Демократия или независимость?

We use cookies. Read the Privacy and Cookie Policy

Едва начав объединяться, только–только оперившиеся оппозиционные группировки в Советском Союзе выявили две противоположные тенденции. Каждая группировка выступала за то, чтобы было больше демократии, больше открытости, чтобы пришел конец однопартийному правлению, однако оппозиция в России делала акцент на индивидуальные свободы, национальные же фронты, напротив, напирали на автономию или независимость для своих наций.

Это расхождение стало очевидным летом 1989 года, когда Ельцин, Попов, Афанасьев и другие основатели Межрегиональной группы попытались вовлечь в свою организацию националистически настроенных прибалтийских депутатов. Одни — например, профессор Виктор Палм из Эстонии — стали членами с самого начала, однако большинство прибалтов колебалось. Они поддерживали цели Межрегиональной группы и при голосовании в Верховном Совете та могла на них рассчитывать, и все же депутаты из Прибалтики полагали, что их собственная программа является более значимой, чем демократия во всем Советском Союзе. Они хотели как можно скорее отделиться от советских структур и тяготились излишней вовлеченностью в них, даже в качестве сторонников оппозиции.

Большинство российских реформаторов поддерживали самоопределение по принципиальным соображениям и, как правило, голосовали вместе с прибалтийскими национальными лидерами по вопросам, имеющим отношение к Прибалтике, однако, по их мнению, лишь демократическая эволюция Советского Союза открывала двери прибалтийской независимости; утверждение же национализма превыше демократии в конечном счете способно создать в отрывающихся республиках точные копии советского правления. Более того, «демократам», бывшим меньшинством на Съезде и в Верховном Совете, требовалась любая помощь, откуда бы она ни исходила, прибалты же все чаще и чаше выказывали намерение держаться в стороне.

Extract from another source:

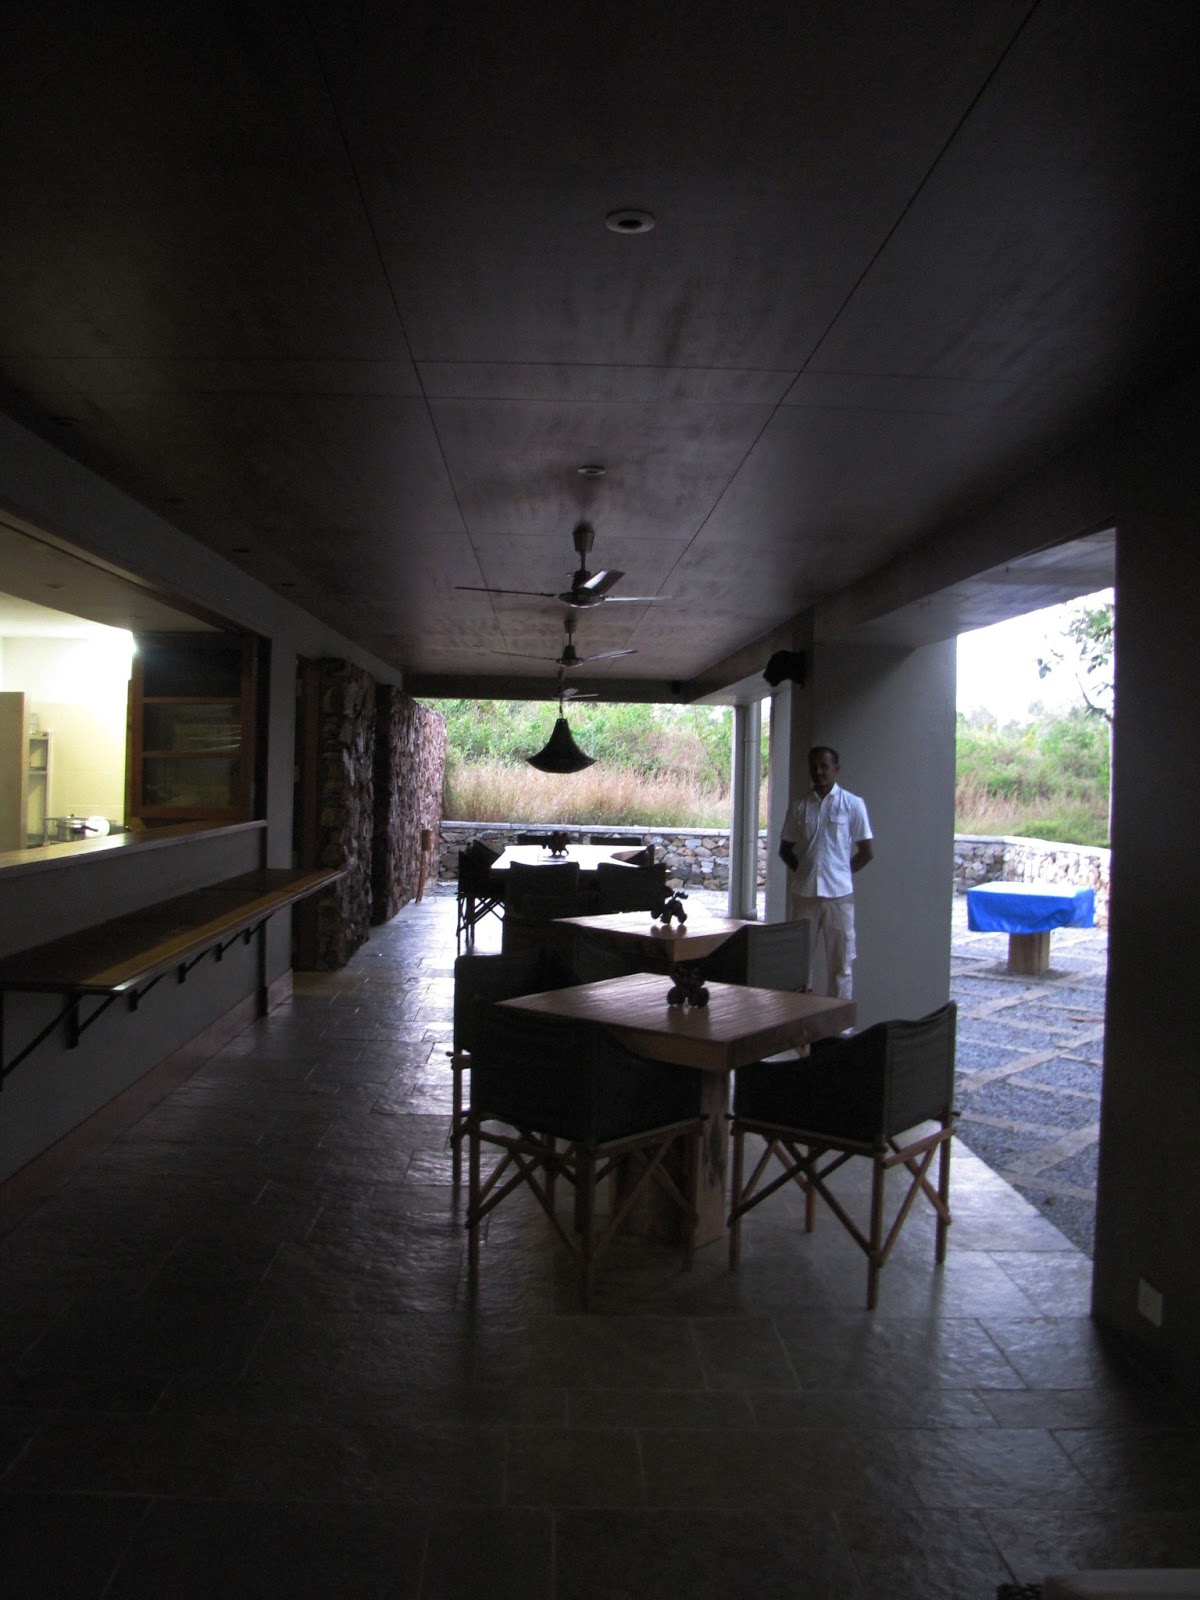 Architecture student 39 s corner 39 kaav safari lodge in for Architecture firms for internship in india

Национальные фронты в других республиках, хотя и были на более ранних стадиях развития, выказывали ту же тенденцию. После апреля депутатами из Грузии овладело стремление еще больше отдалить свою республику от Москвы. У депутатов из Армении и Азербайджана уже вошло в привычку ставить во главу угла Нагорный Карабах. Молдаване, столкнувшиеся с сильным сопротивлением со стороны славянских меньшинств своим попыткам вновь обрести румынские культурные корни, также больше внимания уделяли происходившему дома.

Это породило дилемму для Горбачева, который искренне намеревался добиться либерализации строя — даже вопреки усиливавшейся оппозиции в недрах партийного аппарата и силовых органов. А эти самые «эгоистичные, помешавшиеся на власти националисты» — как он их потом называл — ставили палки в колеса желаемых им реформ.

Именно таким духом было пропитано зловещее предупреждение Центрального Комитета прибалтам, опубликованное в августе.

Был и еще один фактор, понуждавший Горбачева отвергнуть курс, предлагавшийся Межрегиональной группой, и не идти на компромиссы с прибалтийскими национальными фронтами, фактор личного свойства: растущая возможность у Бориса Ельцина заложить основу для соперничества с ним, Горбачевым.

За лето 1989 года был создан и упрочен союз между Ельциным и реформаторскими силами. Ельцин не стал единоличным лидером Межрегиональной группы (ряд известных ее членов, таких как Сахаров, все еще подозревали в нем притаившегося аппаратчика), но он являлся сопредседателем и самой популярной фигурой в группе. Если Горбачев изо всех сил препятствовал восхвалению Ельцина в 1986 году, когда его собственное положение было неколебимо, а Ельцин был верным союзником, то насколько же более бурной должна быть его реакция ныне, когда он чувствовал себя в осаде и уже успел убедиться в мощной поддержке Ельцина избирателями?

Тем не менее, летом 1989 года никто не мог с абсолютной уверенностью сказать, как поведет себя Горбачев. Он обнаружил замечательные способности маневрирования и, возможно, мог снова пустить их в ход. Поскольку теперь Горбачеву было ясно, что взять верх над Ельциным не удалось, ему могло достать мудрости вновь соединиться с ним, сохраняя за собой положение старшего партнера.